Опустив глаза, я заливаюсь краской и коротко отвечаю:
– В машине.
Джо впивается пальцами в руль.
– Об этом мы поговорим в другой раз, Кеннеди. Но поговорим обязательно.
– Хорошо, Джо, – покладисто отвечаю я и подаюсь вперед. Сквозь лобовое стекло я оглядываю небо в поисках трещины, которую всегда нахожу, потому что она разделяет мир на две части. Но небо такое голубое, а солнце такое яркое, что глаза сразу начинают слезиться.
Машина Нолана останавливается за нами. Джо выходит первым. Он идет к зданию и поднимается по лестнице, а Нолан медлит у машины.

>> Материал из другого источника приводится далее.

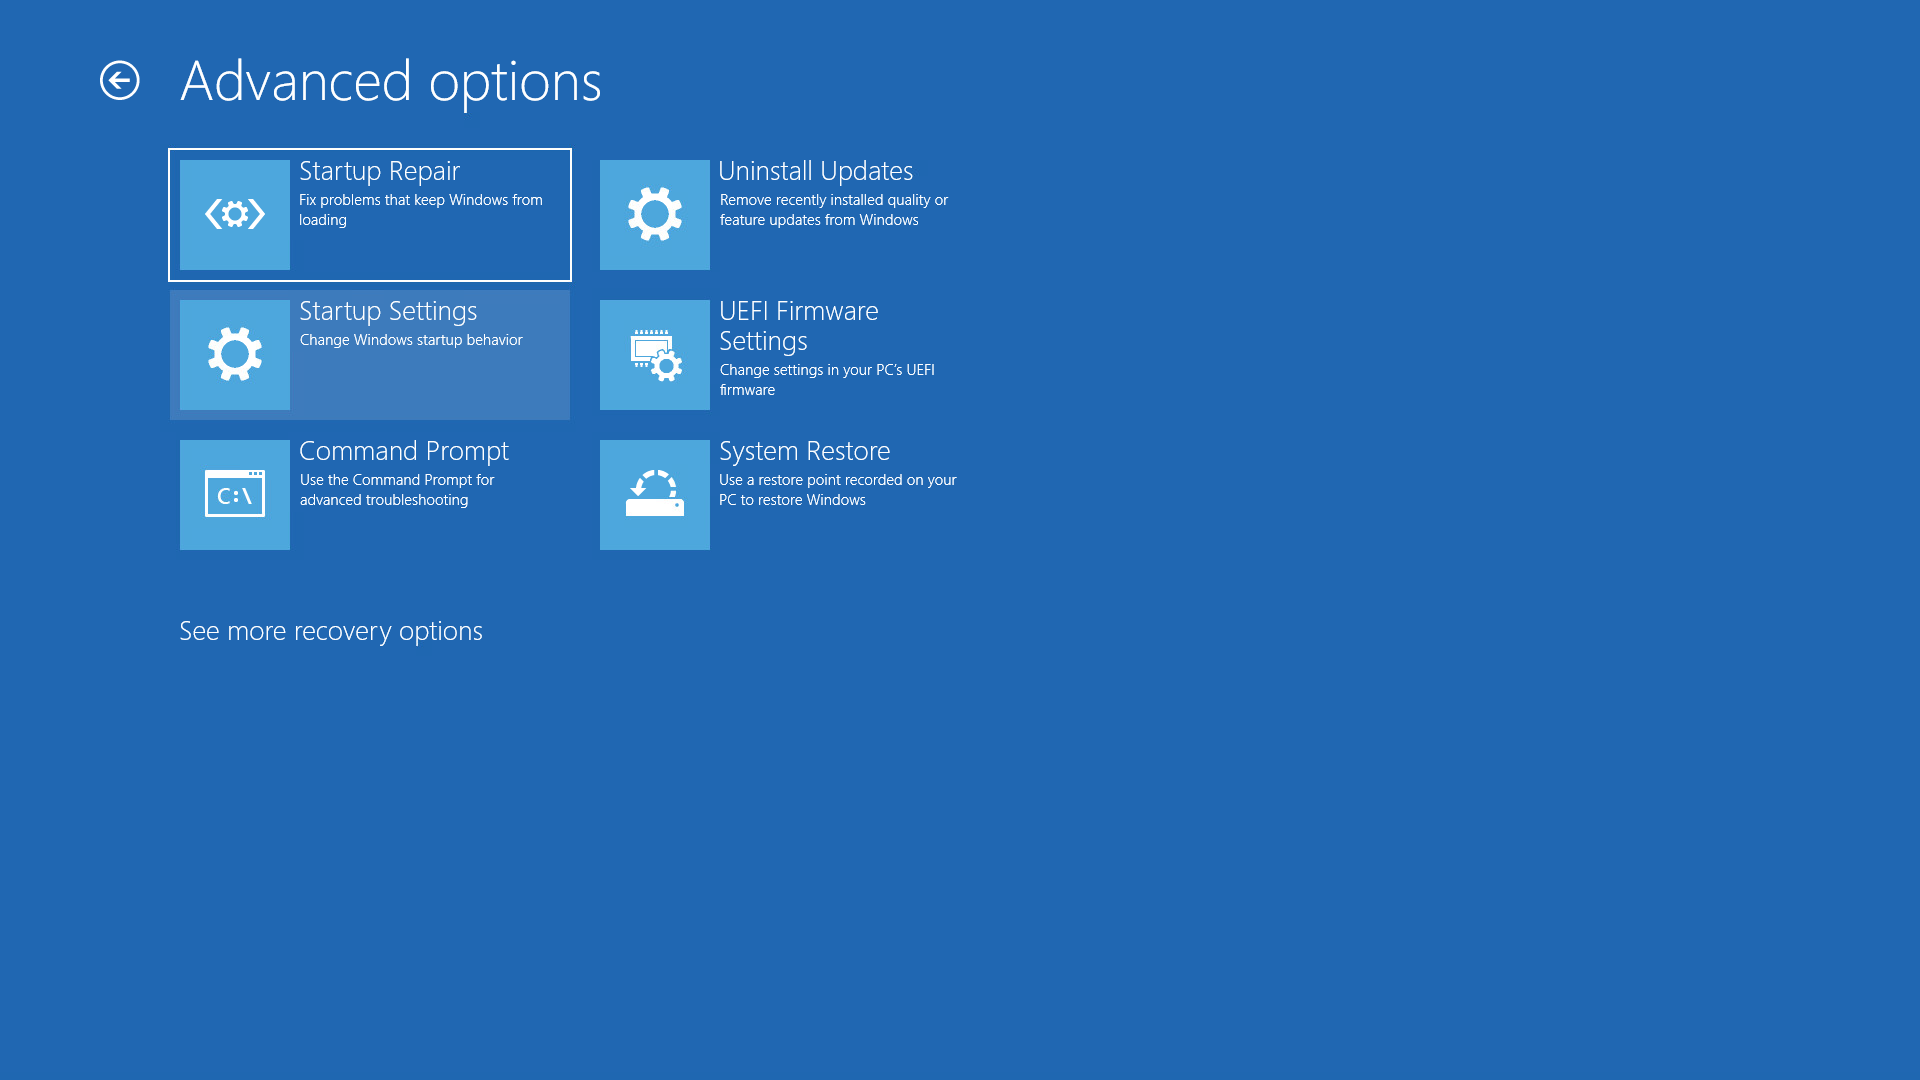 advances options for Windows reboot
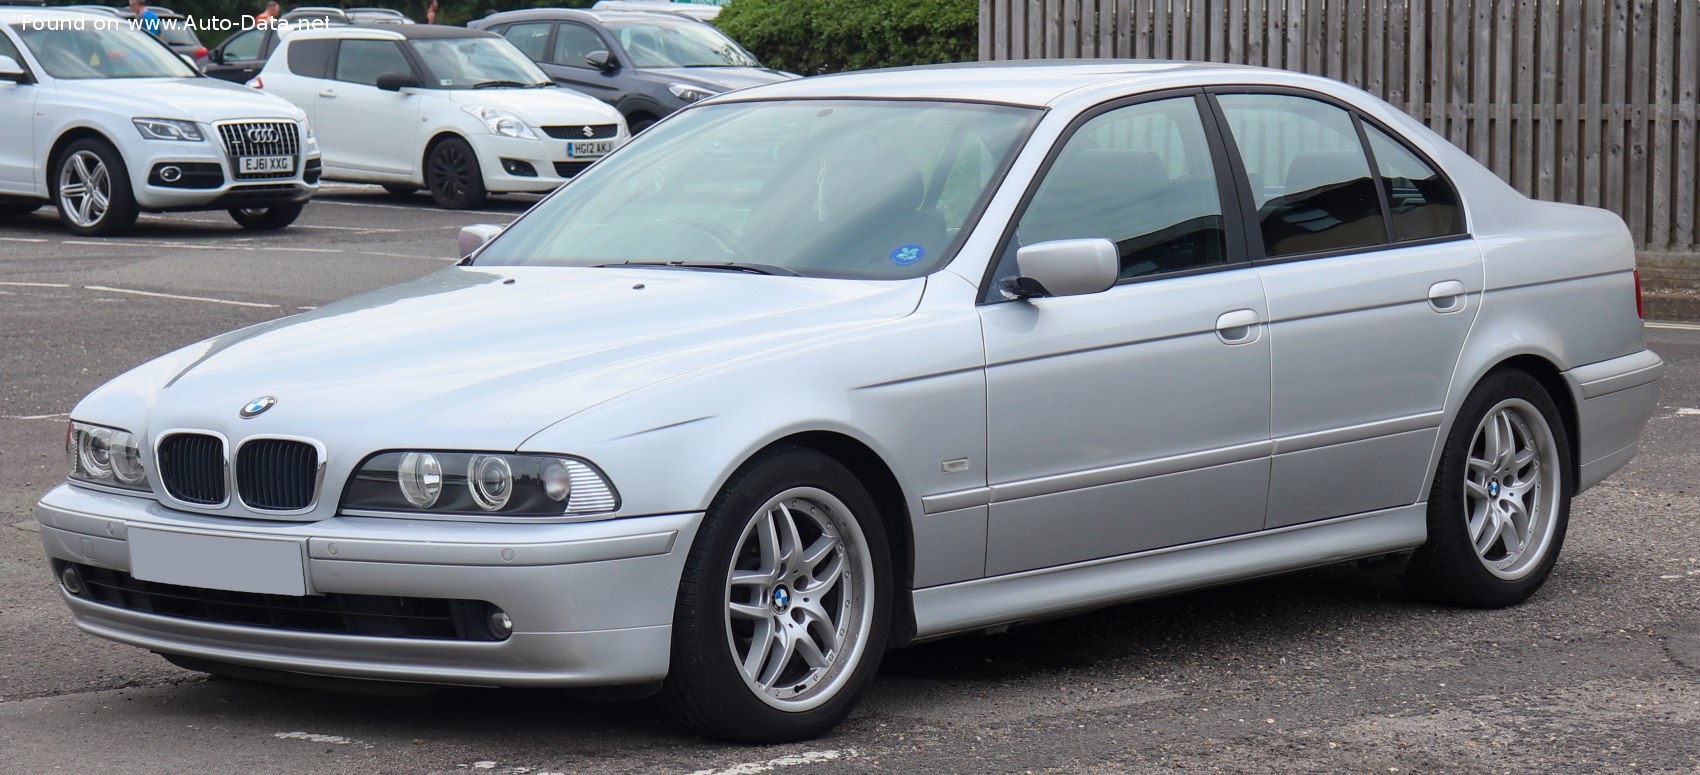 https://www.auto-data.net/images/f45/BMW-5-Series-E39-Facelift-2000.jpg

– Еще не поздно сбежать, – говорит он. Я улыбаюсь. Думаю, именно такой реакции он от меня и ждал. Я стою возле полиции – и мне очень страшно. Нолан привлекает меня к себе, я опускаю голову ему на плечо, а он гладит меня по затылку.
– Не хочу рассказывать об этом всем.
– Тогда просто рассказывай мне.
В окошке регистрации никого нет. Мы проходим мимо того же аппарата с напитками, на котором неделю назад я заметила трещину, вдоль тех же крашеных стен, по которым я вела пальцами.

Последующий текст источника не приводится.